======== Exercise data ========

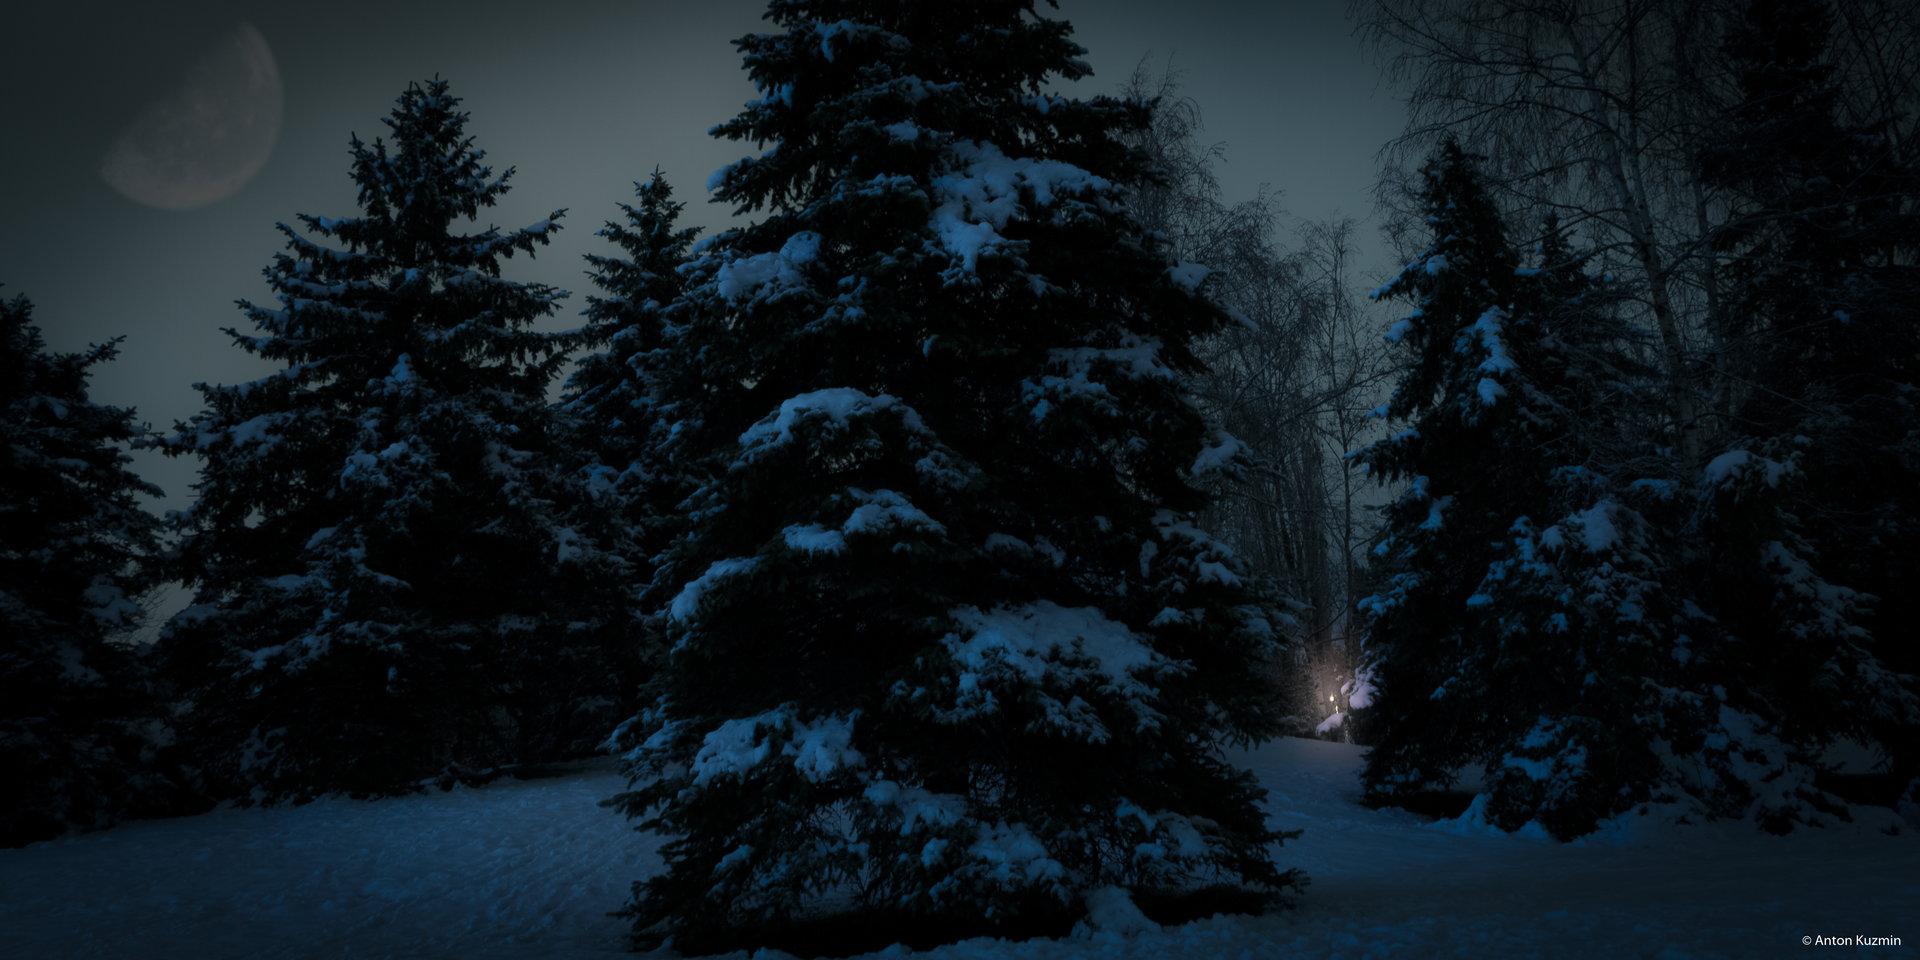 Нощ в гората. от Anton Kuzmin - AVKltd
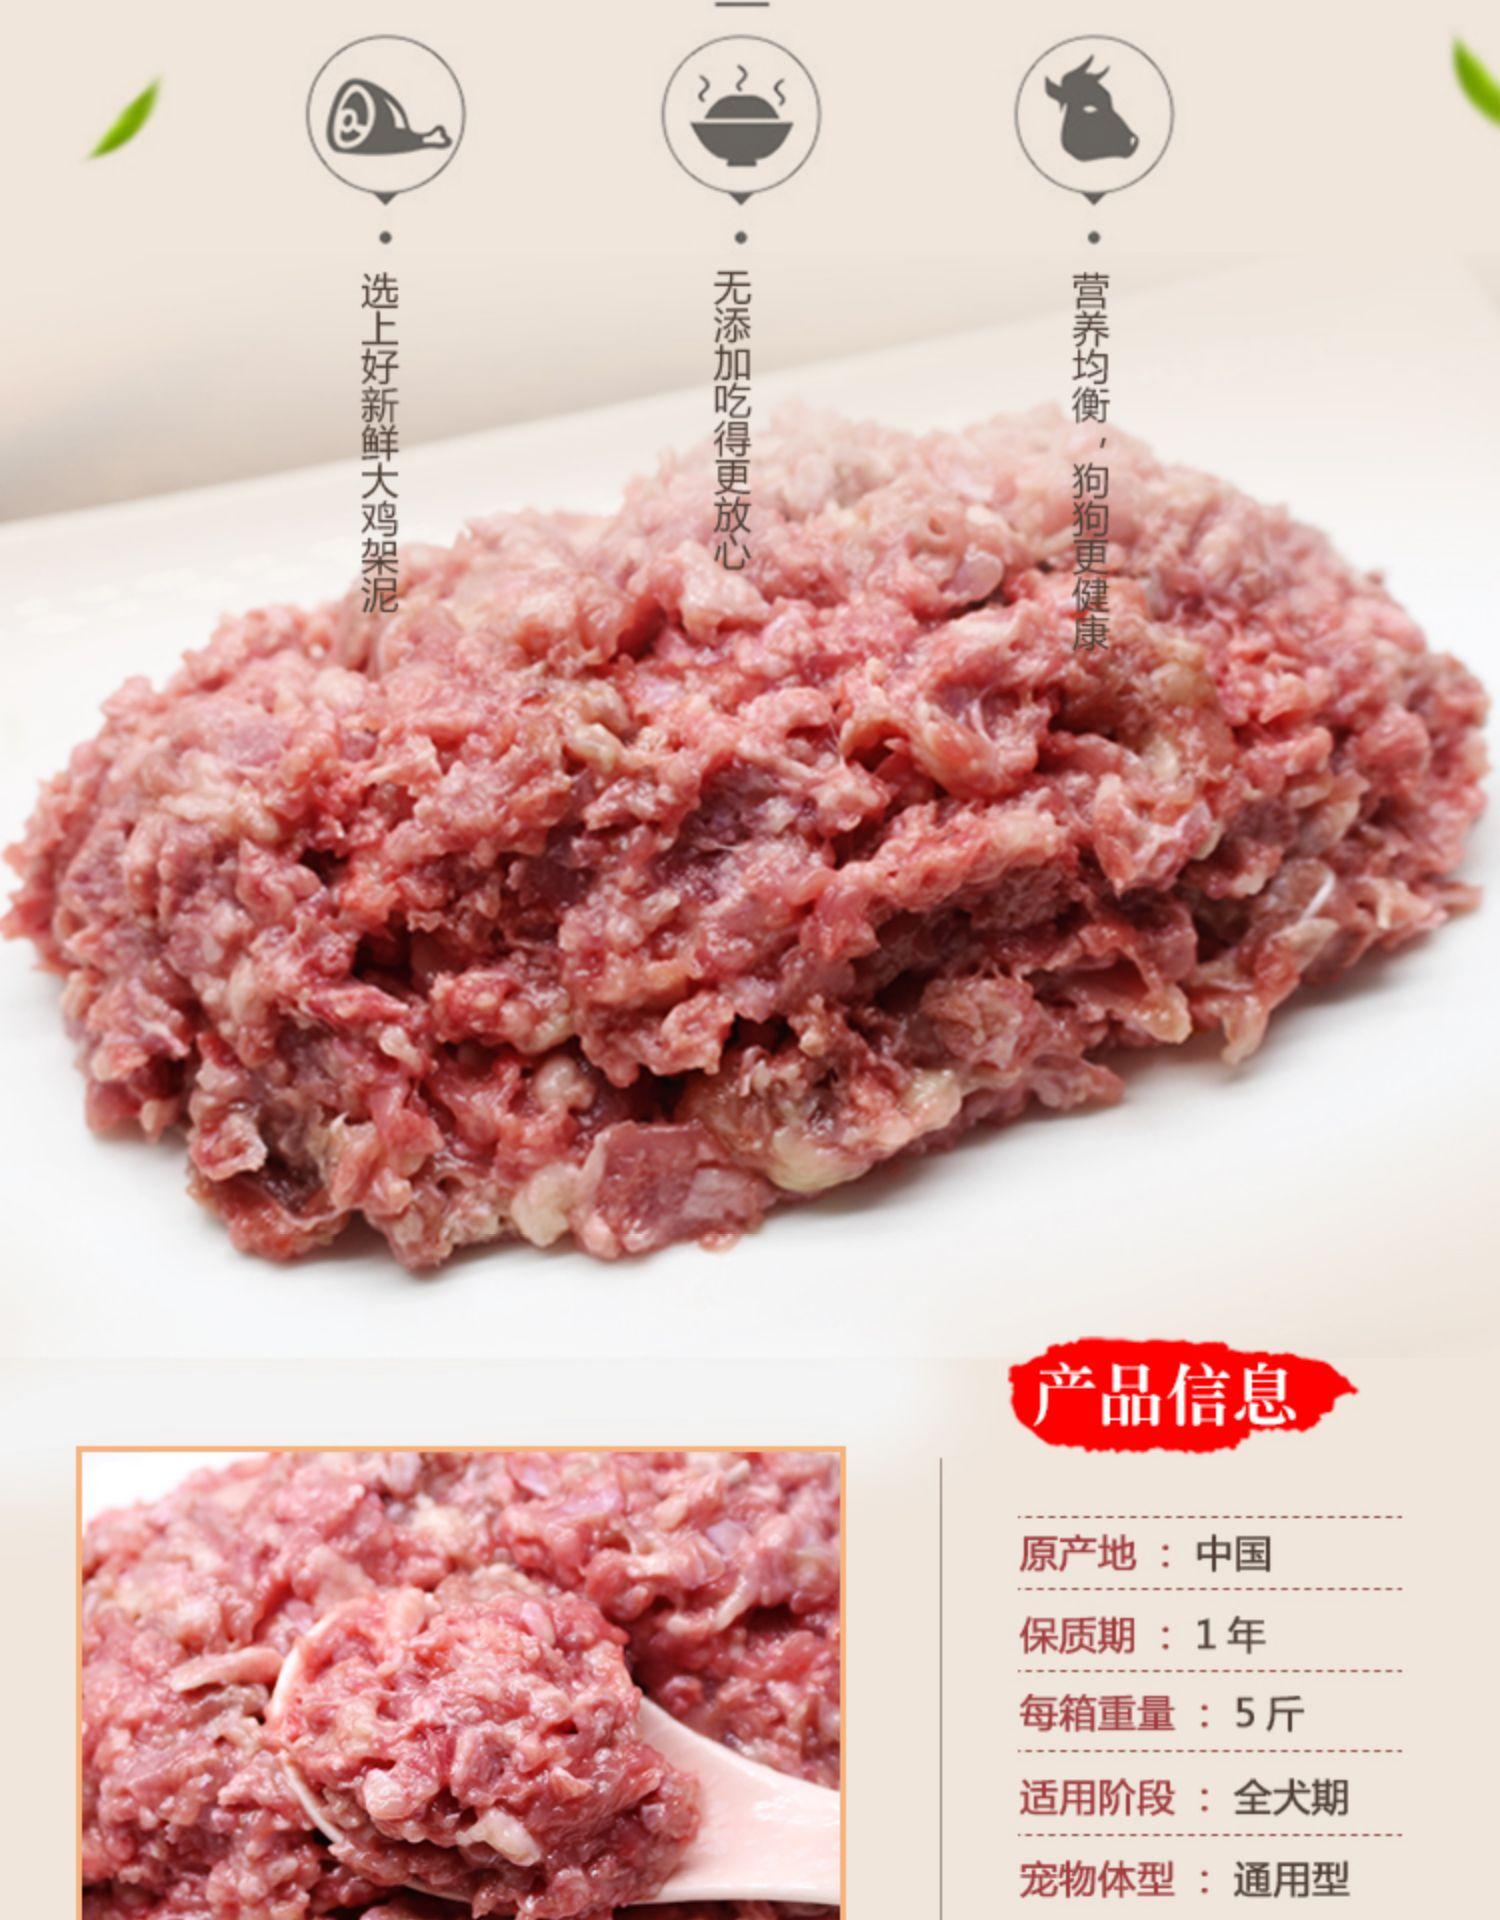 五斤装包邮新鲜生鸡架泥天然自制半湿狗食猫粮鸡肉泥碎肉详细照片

========
======== Exercise data ========

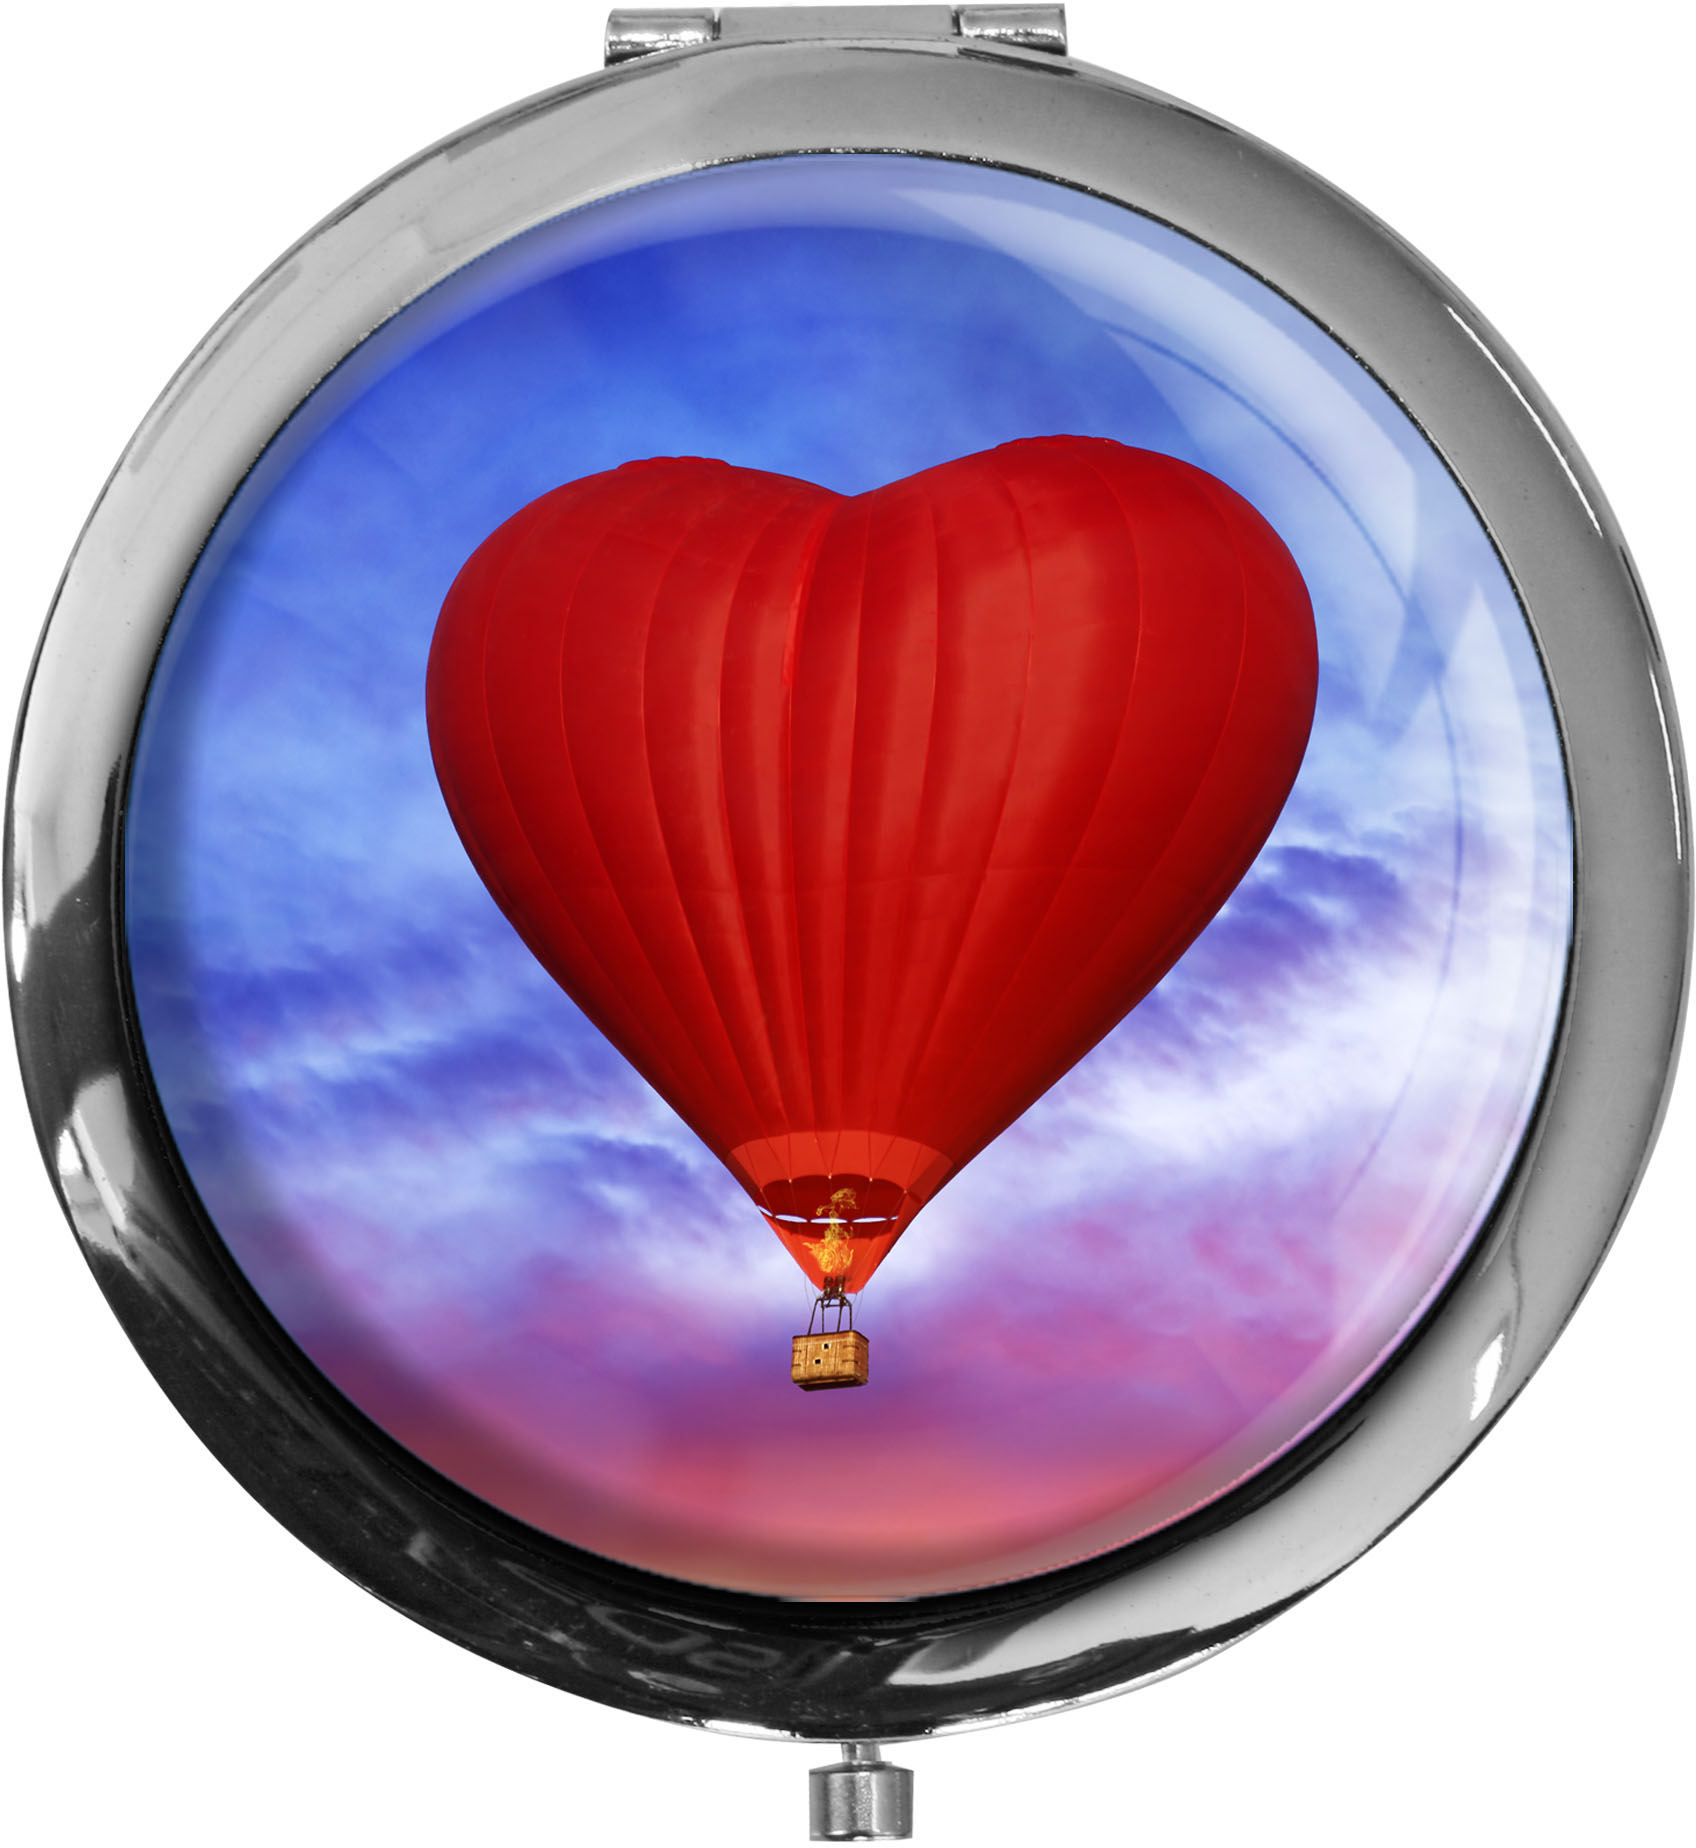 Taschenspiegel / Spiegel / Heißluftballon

========

__Work order__
Between and including the line with "Нощ в гората. от Anton Kuzmin - AVKltd" and the line with "五斤装包邮新鲜生鸡架泥天然自制半湿狗食猫粮鸡肉泥碎肉详细照片", repeat every line exactly as it appears above, with pictures left out.

__Response to this task__
 Нощ в гората. от Anton Kuzmin - AVKltd
 五斤装包邮新鲜生鸡架泥天然自制半湿狗食猫粮鸡肉泥碎肉详细照片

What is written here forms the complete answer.